Horizontal and vertical curvature (aka planform and profile curvature) describe how slope changes in a landscape. They are used to describe the valley-ness or ridge-ness of a landform.
\[\begin{align*} k_h &= -\frac{2q^2r - 4pqr + 2p^2 t}{(p^2 + q^2)\sqrt{1+p^2+q^2}} \newline \newline k_v &= -\frac{2p^2r + 4pqs + 2q^2t}{(p^2+q^2)(1+p^2+q^2)^{1.5}} \end{align*}\]An R implementation
Let’s play with some terrain metrics in R. We will start with an 8-neighborhood, visualize its Evans-Young polynomial, then calculate terrain metrics for the center cell. First, we will simply translate our convolutions described above into R. For those playing along at home, all the code for this post is in this GitHub repository.
get_evans_young_fit <- function(z, w=1) {
r <- (z[1]+z[3]+z[4]+z[6]+z[7]+z[9] - 2*(z[2]+z[5]+z[8])) / (3*w^2)
t <- (z[1]+z[2]+z[3]+z[7]+z[8]+z[9] - 2*(z[4]+z[5]+z[6])) / (3*w^2)
s <- (z[3]+z[7]-z[1]-z[9]) / (4*w^2)
p <- (z[3]+z[6]+z[9]-z[1]-z[4]-z[7]) / (6*w)
q <- (z[1]+z[2]+z[3]-z[7]-z[8]-z[9]) / (6*w)
u <- 1/9 * (2*(z[2]+z[4]+z[6]+z[8]) - (z[1]+z[3]+z[7]+z[9]) + 5*z[5])
list(
r=r, t=t, s=s, p=p, q=q, u=u
)
}Now, we use the plotly library to render the resulting polynomial.
library(plotly)
render_evans_young_fit <- function(z, w=1) {
partials <- get_evans_young_fit(z, w)
r <- partials$r
t <- partials$t
s <- partials$s
p <- partials$p
q <- partials$q
u <- partials$u
# The valid range of the polynomial is *always* [-1, 1] for both x
# and y axes.
x_surf <- seq(-1, 1, length.out=100)
y_surf <- seq(-1, 1, length.out=100)
z_surf <- matrix(nrow=length(x_surf), ncol=length(y_surf))

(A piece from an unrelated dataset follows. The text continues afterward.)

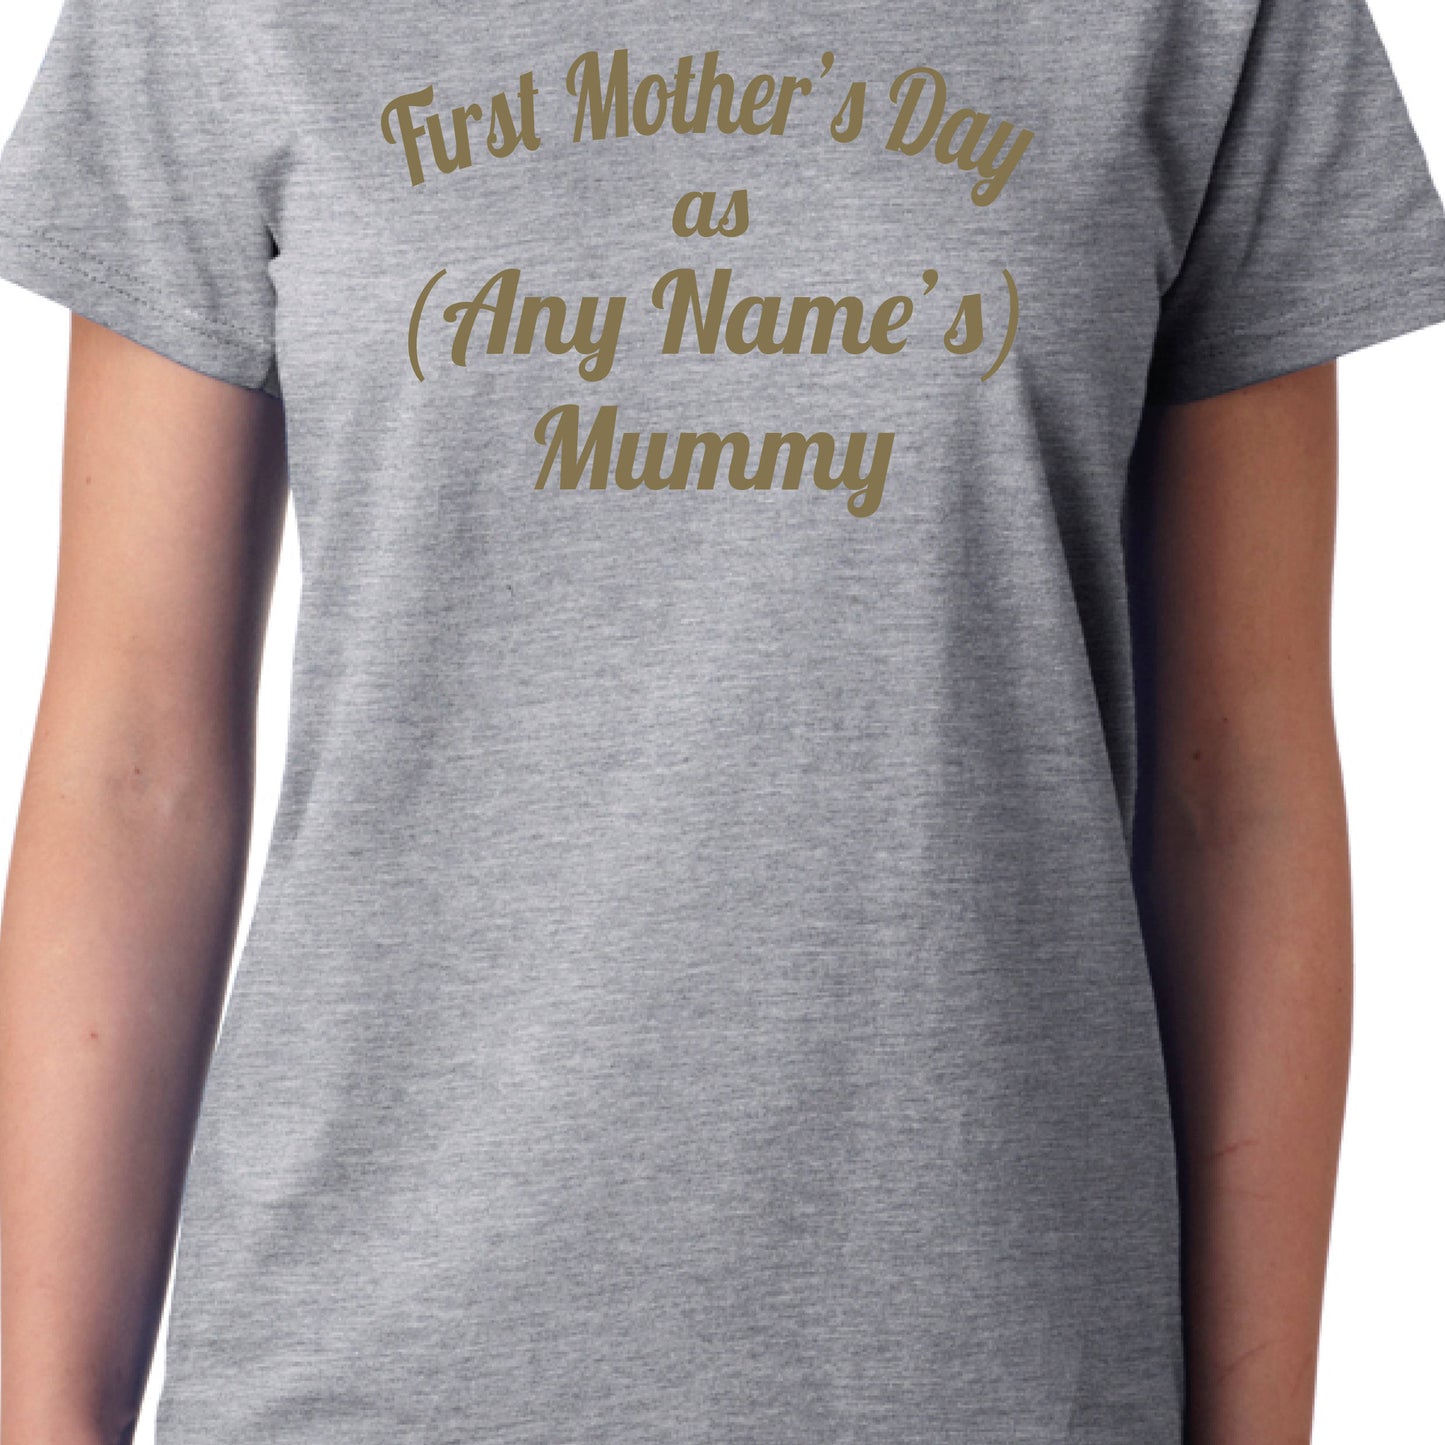 First Mother's Day as (Any Name's) Mummy Gold Personalised T-Shirt, Ladies, Unisex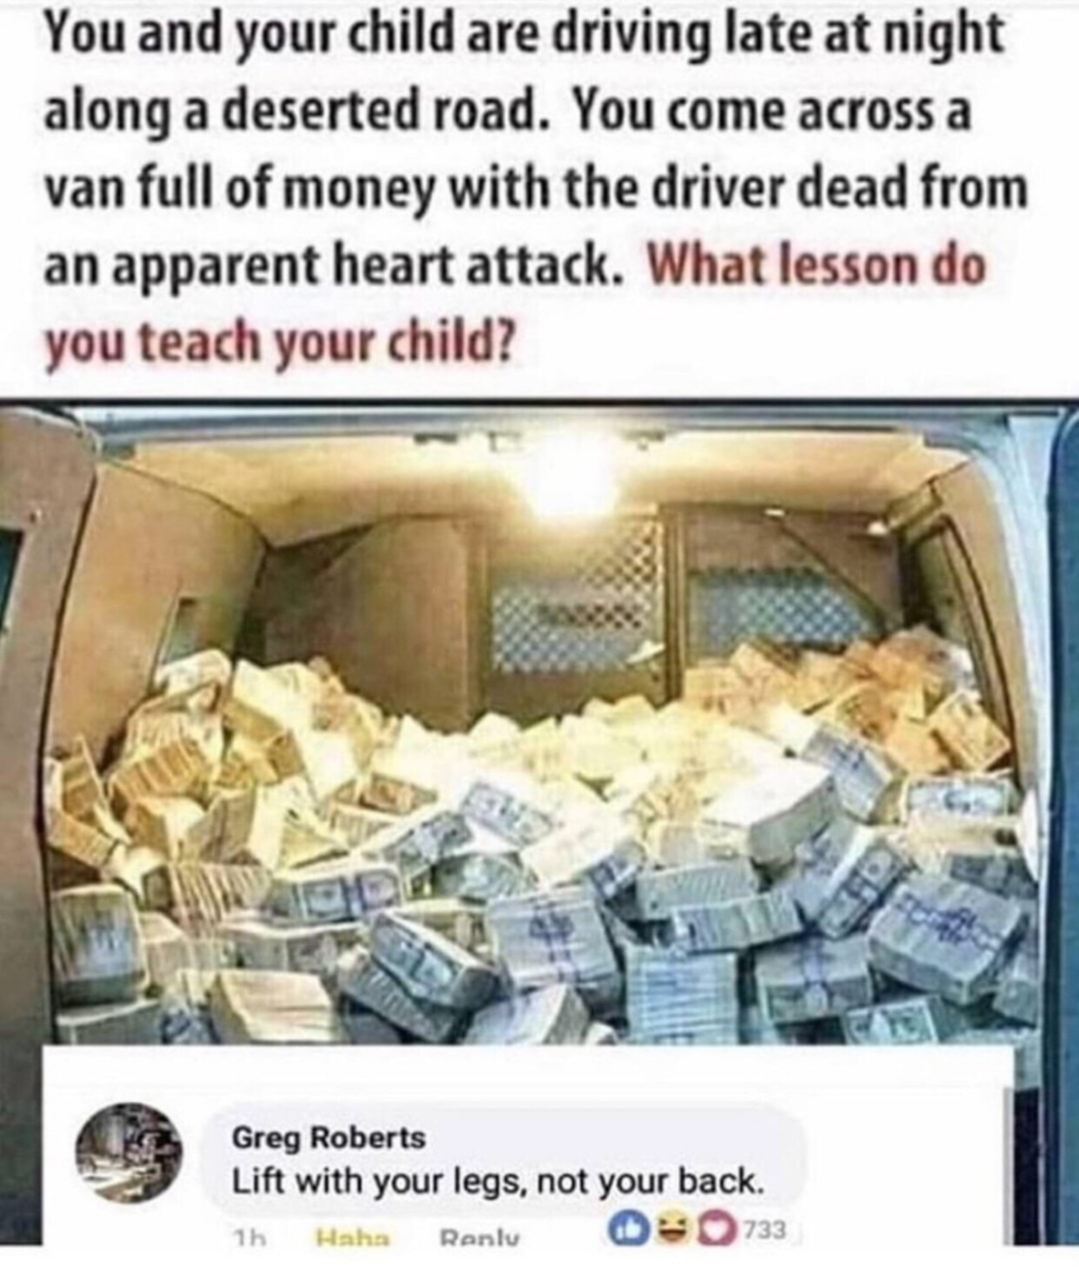 you and your child are driving late - You and your child are driving late at night along a deserted road. You come across a van full of money with the driver dead from an apparent heart attack. What lesson do you teach your child? Greg Roberts Lift with y

# This can be made much more efficient
for (i in 1:length(x_surf)) {
for (j in 1:length(y_surf)) {
# Note flip of j and i here since y is our "row" on the surface.
z_surf[j, i] <- r*x_surf[i]^2/2 + t*y_surf[j]^2/2 + s*x_surf[i]*y_surf[j] +
p*x_surf[i] + q*y_surf[j] + u
}
}
x_pts <- rep(c(-1, 0, 1), 3)
y_pts <- c(rep(1, 3), rep(0, 3), rep(-1, 3))
plot_ly() %>%
add_surface(
x=x_surf,
y=y_surf,
z=z_surf,
opacity=0.5
) %>%
add_markers(
x=x_pts,
y=y_pts,
z=z
)
}
z <- c(
1, 4, 4,
3, 3, 4,
3, 4, 5
)
render_evans_young_fit(z)We can also calculate terrain metrics for this surface.
get_terrain_metrics <- function(z, w=1) {
partials <- get_evans_young_fit(z, w)
r <- partials$r
t <- partials$t
s <- partials$s
p <- partials$p
q <- partials$q
slope <- atan(sqrt(p^2+q^2)) # in rads
# If p and q are both zero then the curvature result is 0/0,
# force to 0 since the surface is flat in this case.
if (p == 0 & q == 0) {
h_curv <- 0
v_curv <- 0
} else {
h_curv <- -1 * (q^2*r - 2*p*q*s + p^2*t) /
( (p^2 + q^2) * sqrt(1+p^2+q^2) )
v_curv <- -1 * (p^2*r + 2*p*q*s + q^2*t) /
( (p^2 + q^2) * (1+p^2+q^2)^1.5 )
}
relief <- max(abs(z[5] - z))
grad <- relief / w
list(slope=slope, h_curv=h_curv, v_curv=v_curv,
relief=relief, grad=grad)
}
> get_terrain_metrics(z1)
$slope
[1] 0.8410687
$h_curv
[1] -0.2222222
$v_curv
[1] 0.1975309
$relief
[1] 2
$grad
[1] 2Note that this approach to calculating terrain metrics may differ from that in your favorite GIS software. Another popular technique is given in Horn (1981), and is currently in use in the R raster package.